- BRIEF: Without the pictures, write the listing below out again, line for line.

- RAW DATA:
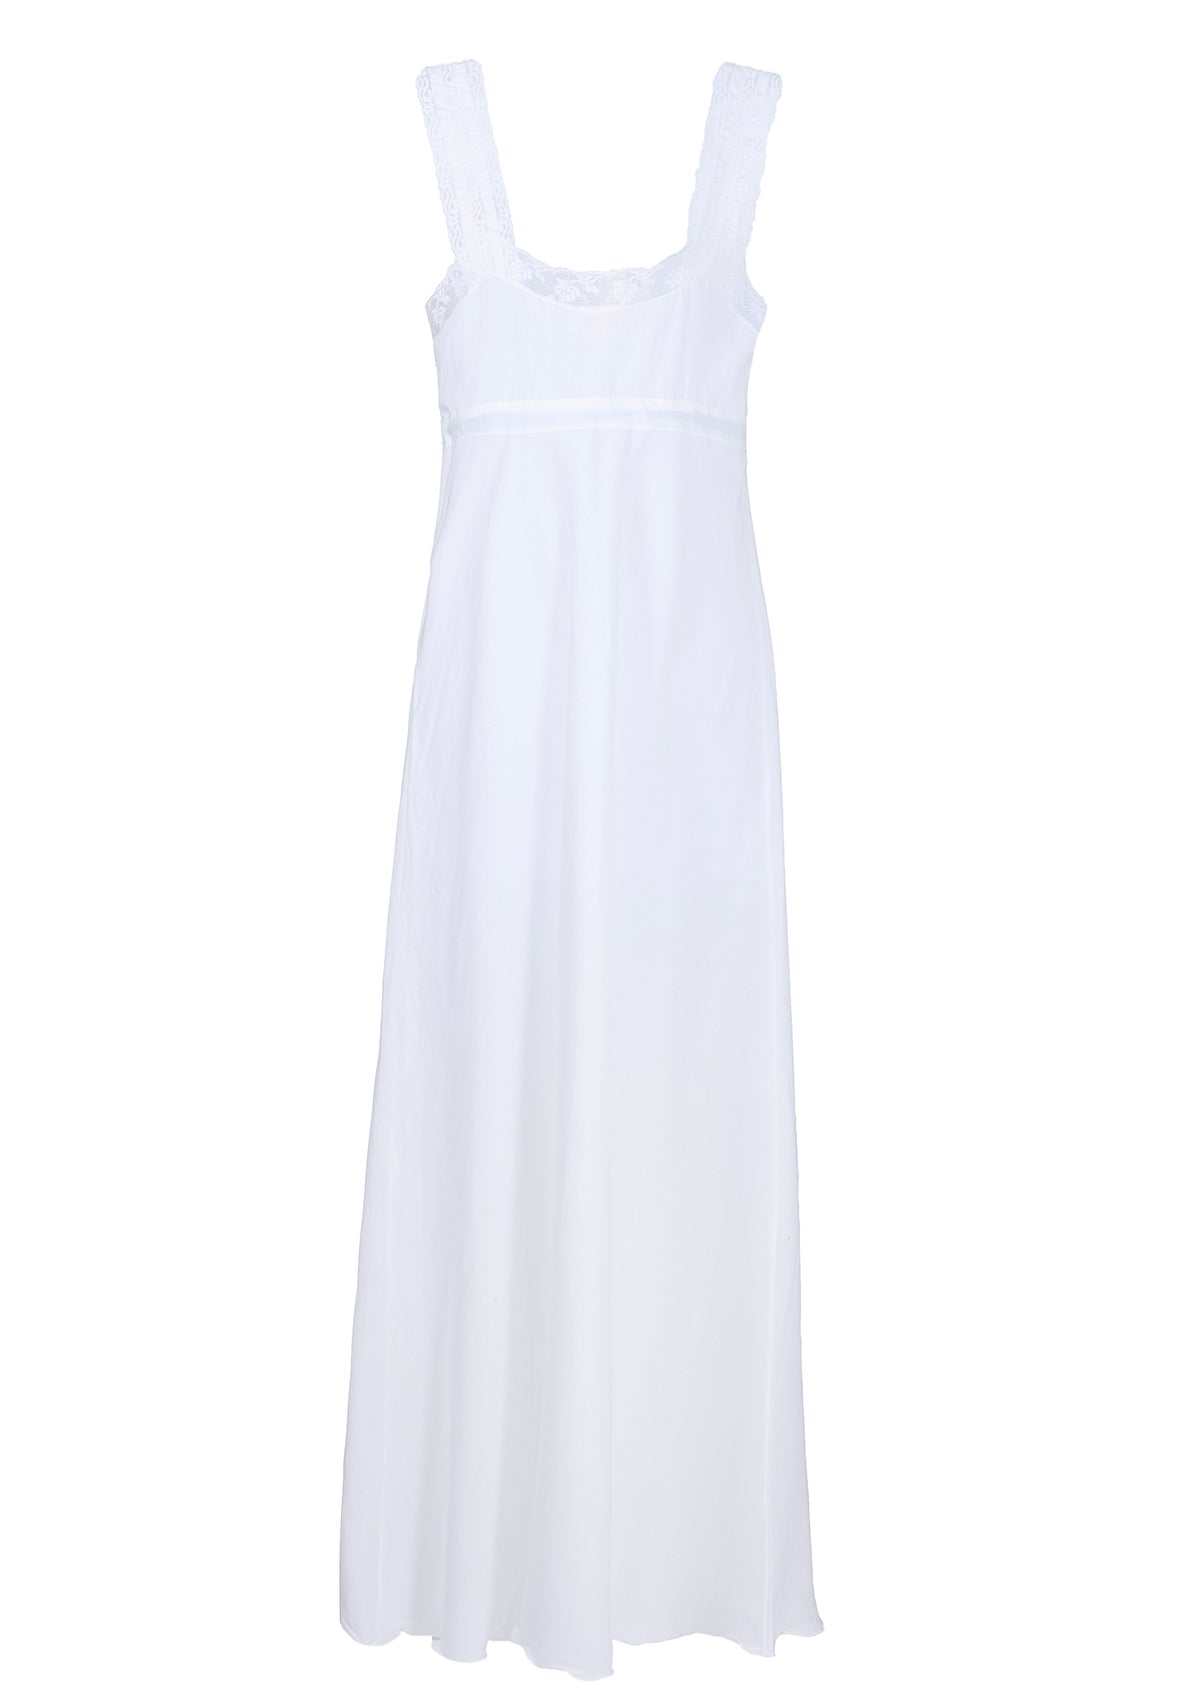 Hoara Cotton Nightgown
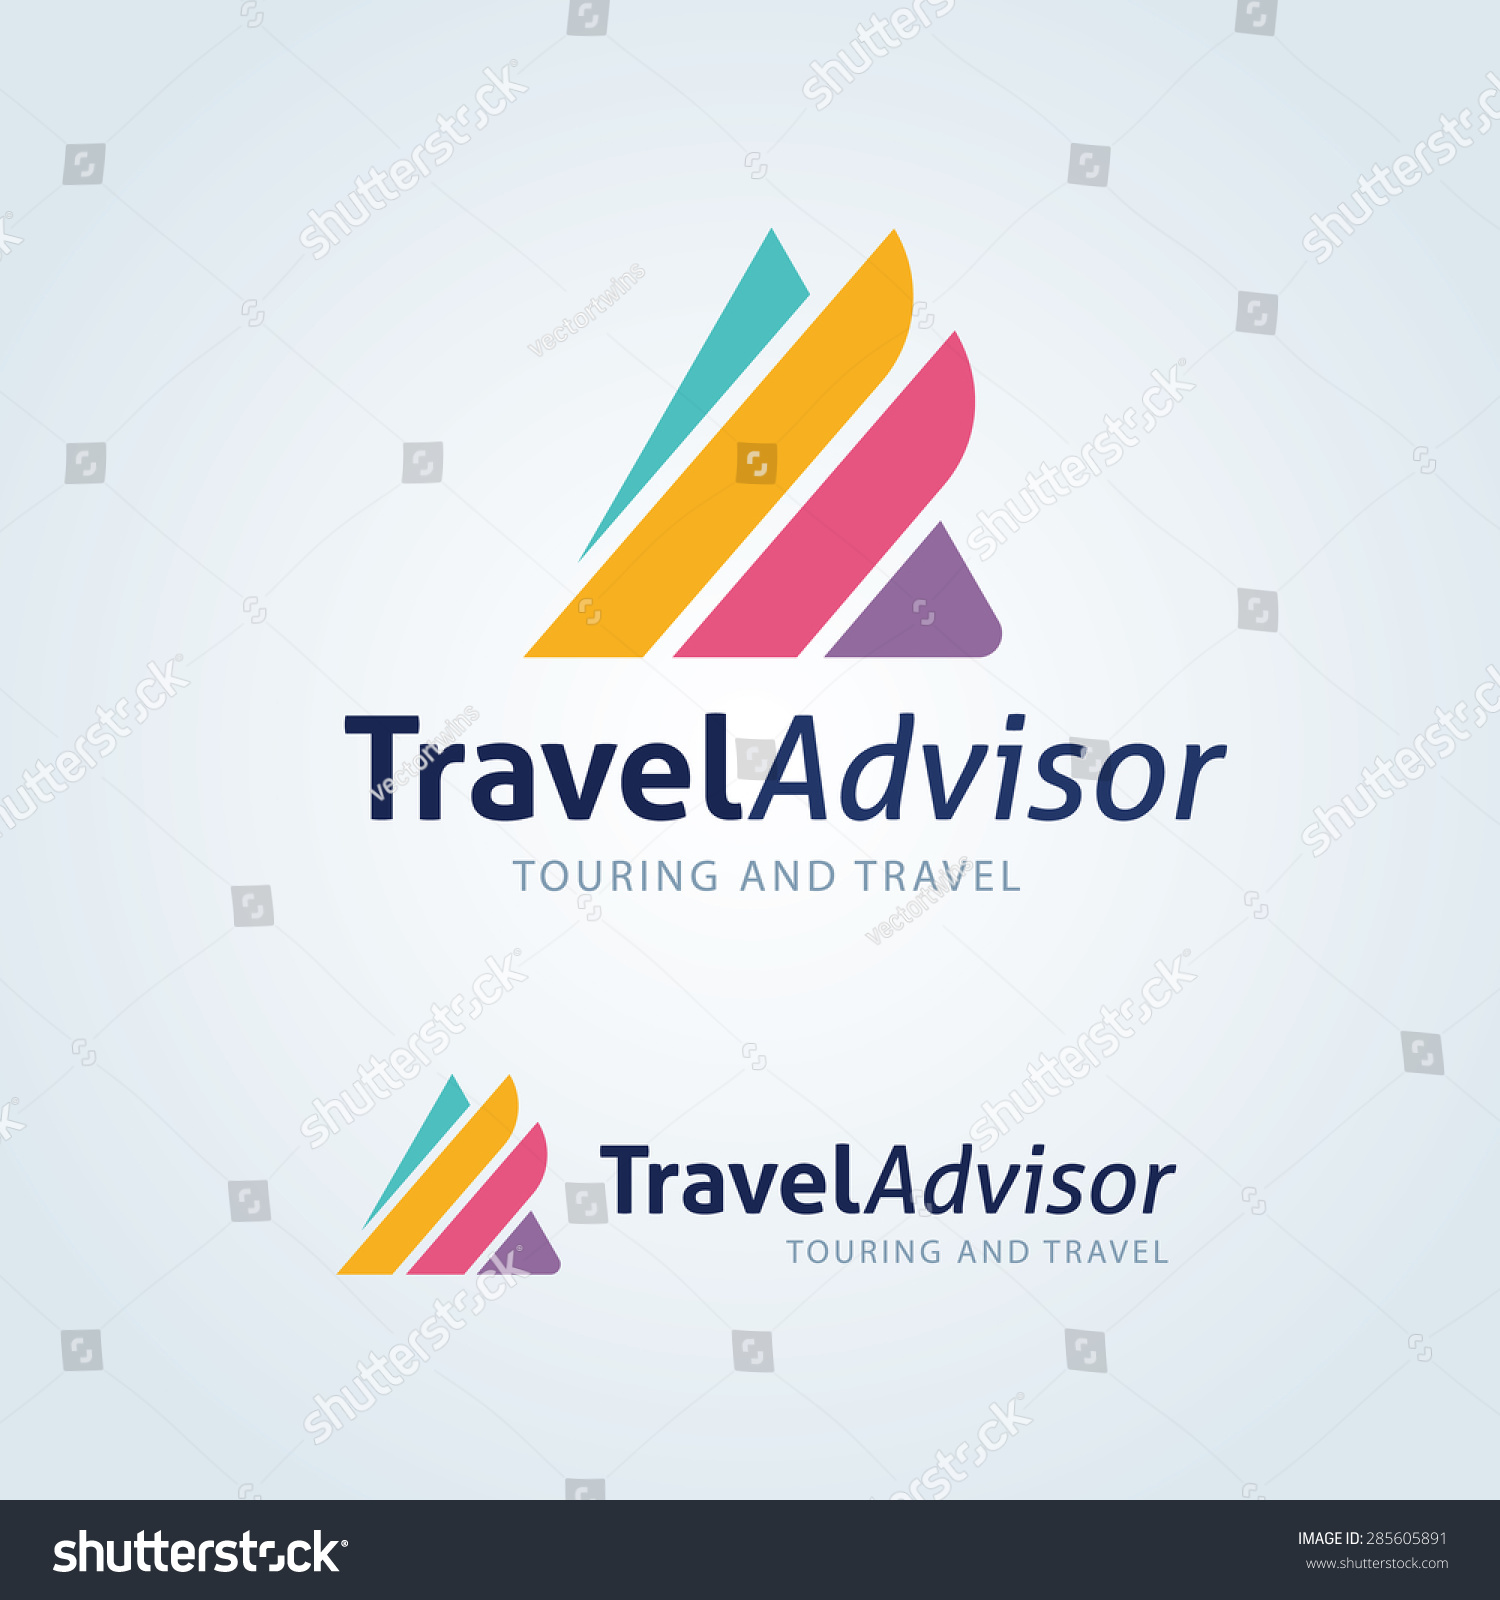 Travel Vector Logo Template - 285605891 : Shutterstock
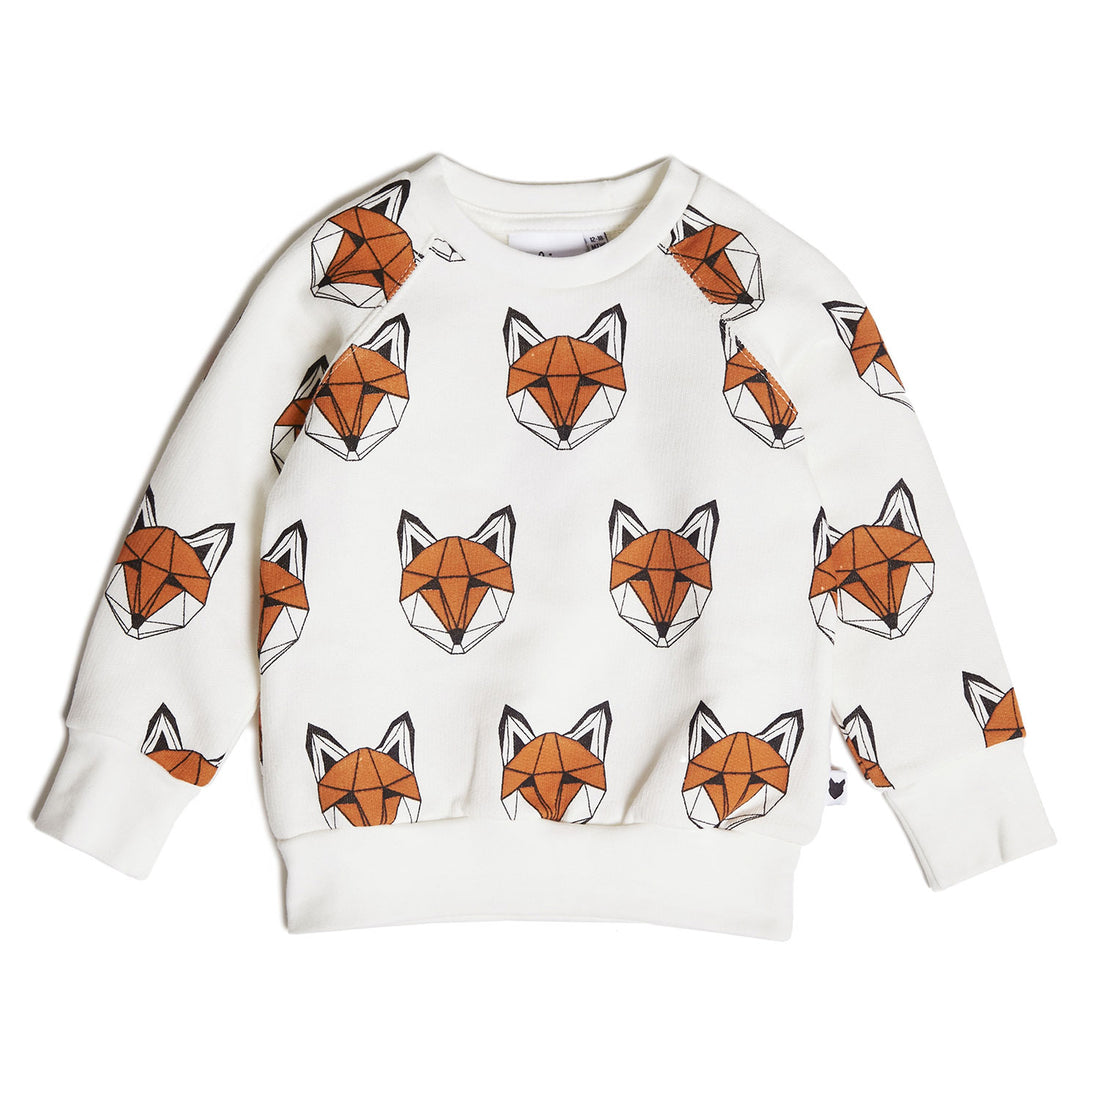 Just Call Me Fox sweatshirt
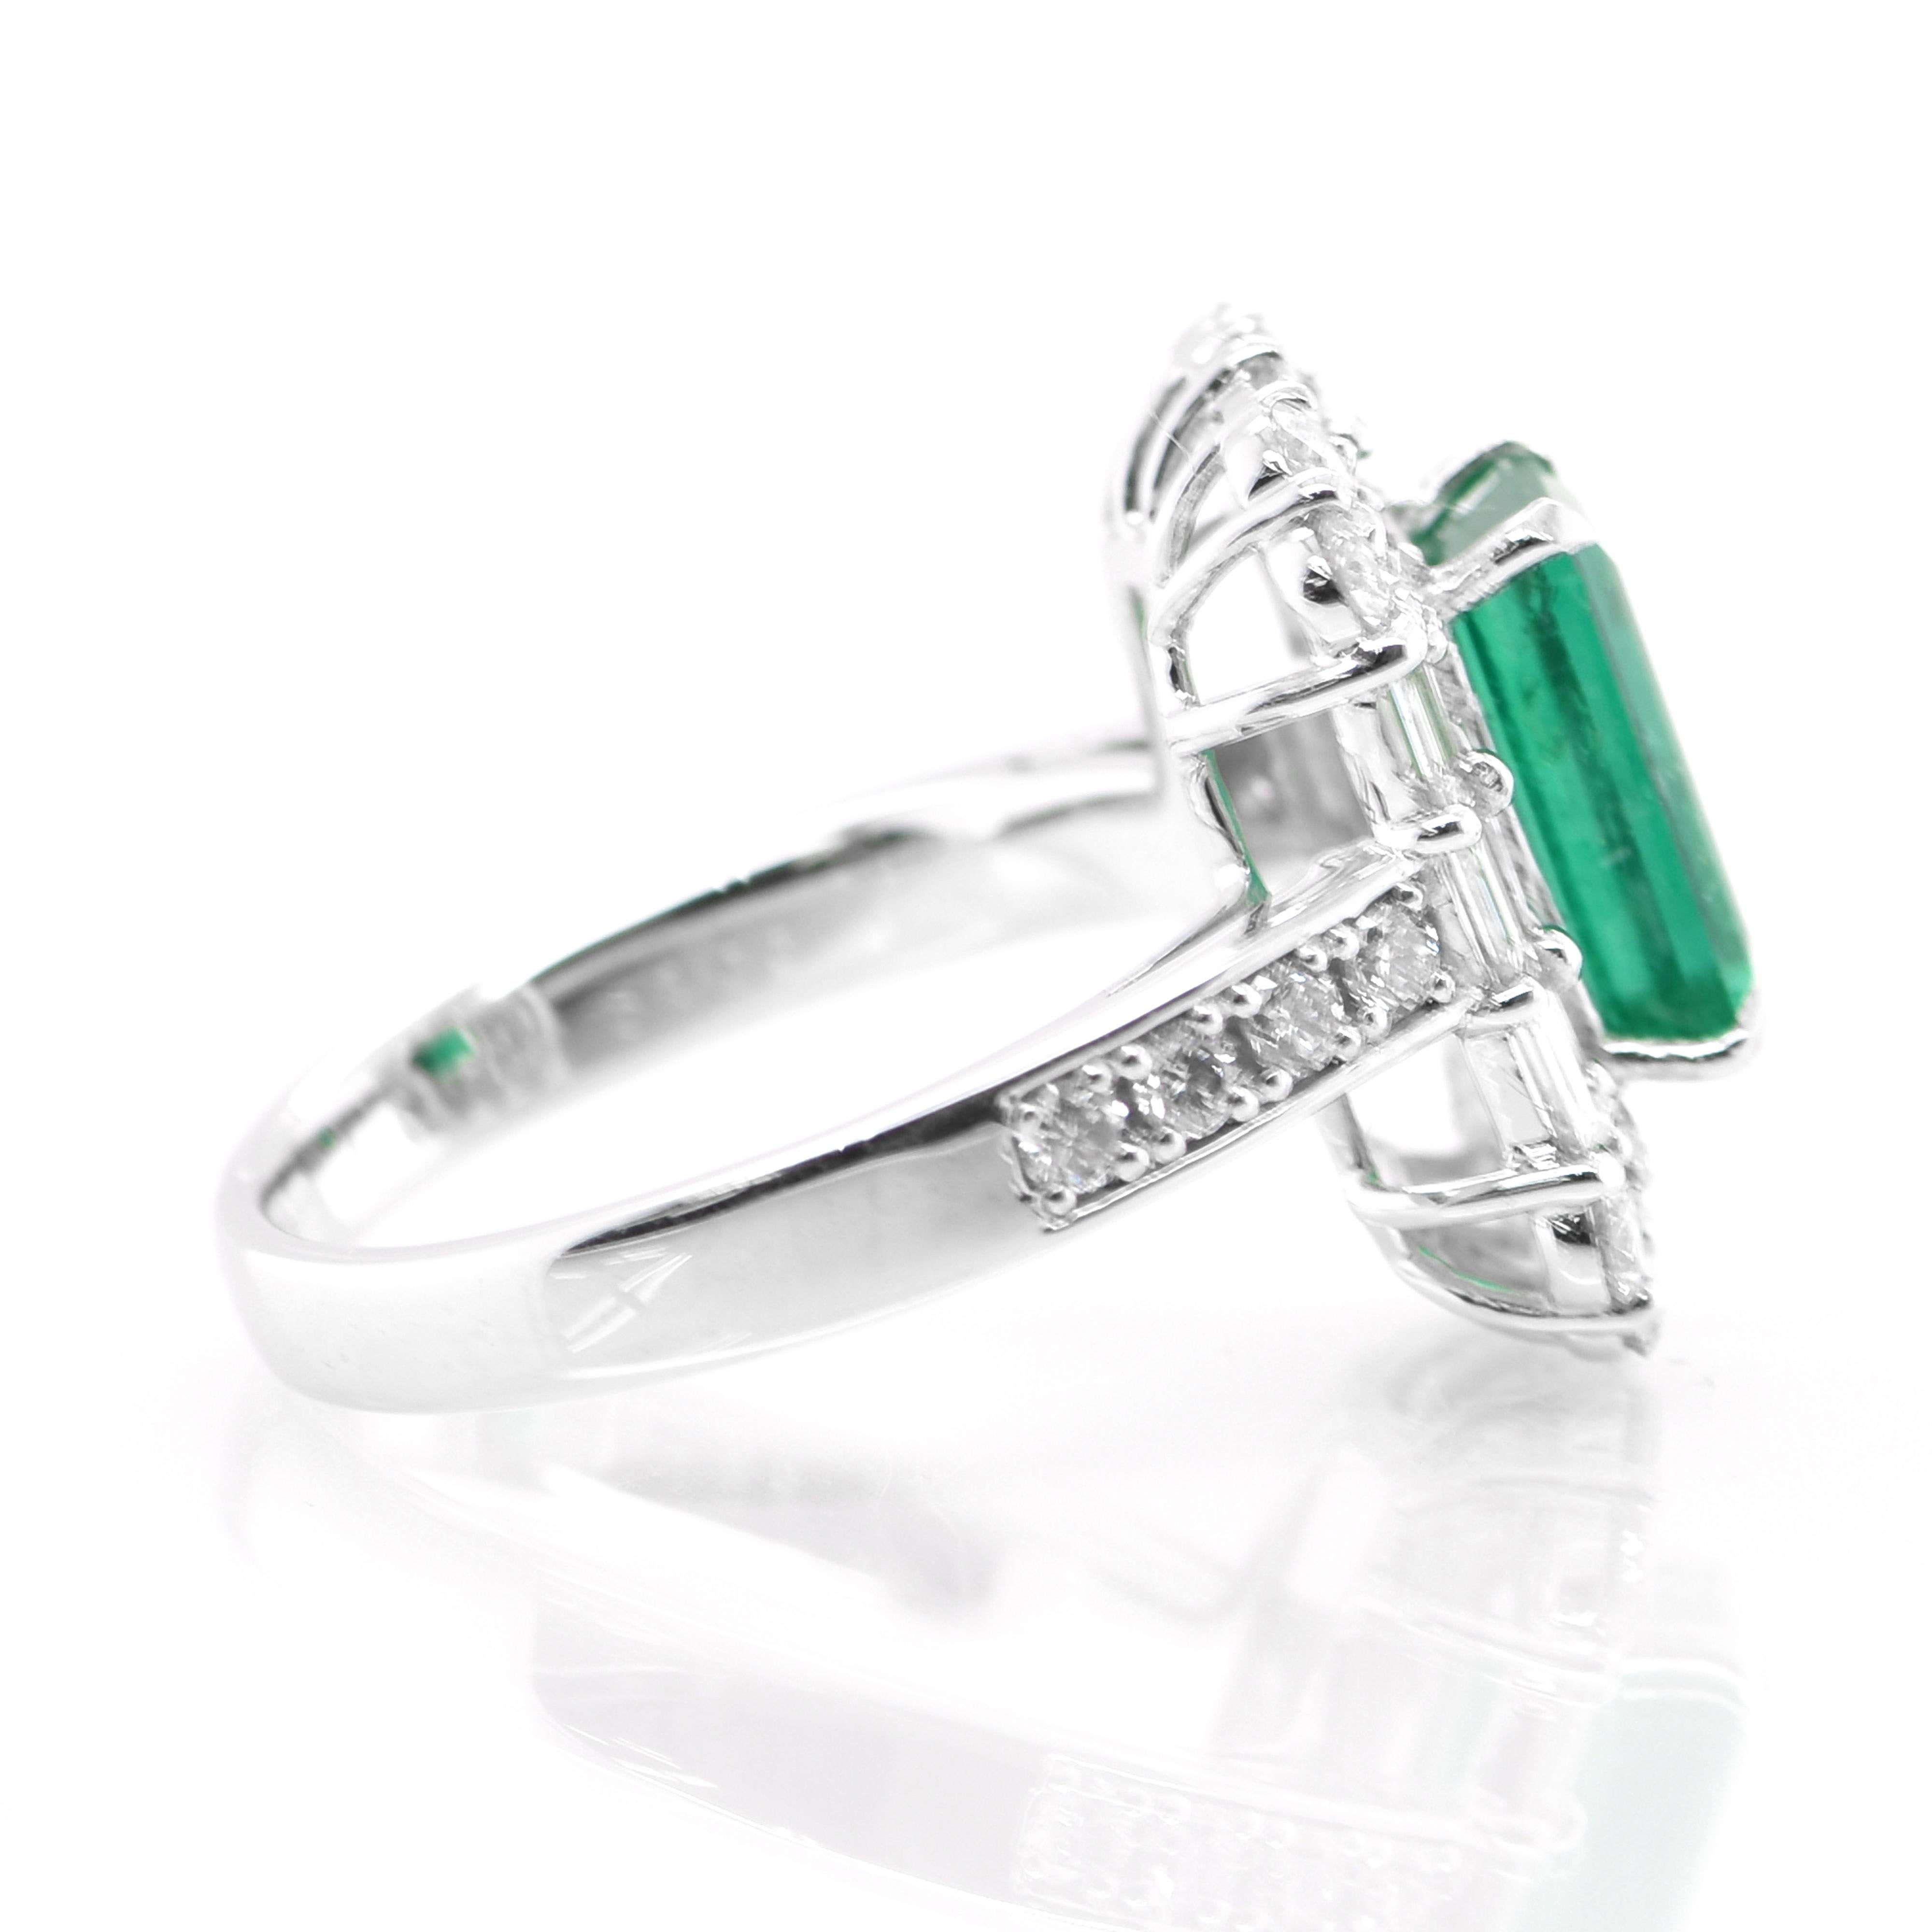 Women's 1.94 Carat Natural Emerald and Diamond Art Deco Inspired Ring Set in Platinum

- SOLUTION FOR THIS PROBLEM:
 Hoara Cotton Nightgown
 Travel Vector Logo Template - 285605891 : Shutterstock
 Just Call Me Fox sweatshirt
 Women's 1.94 Carat Natural Emerald and Diamond Art Deco Inspired Ring Set in Platinum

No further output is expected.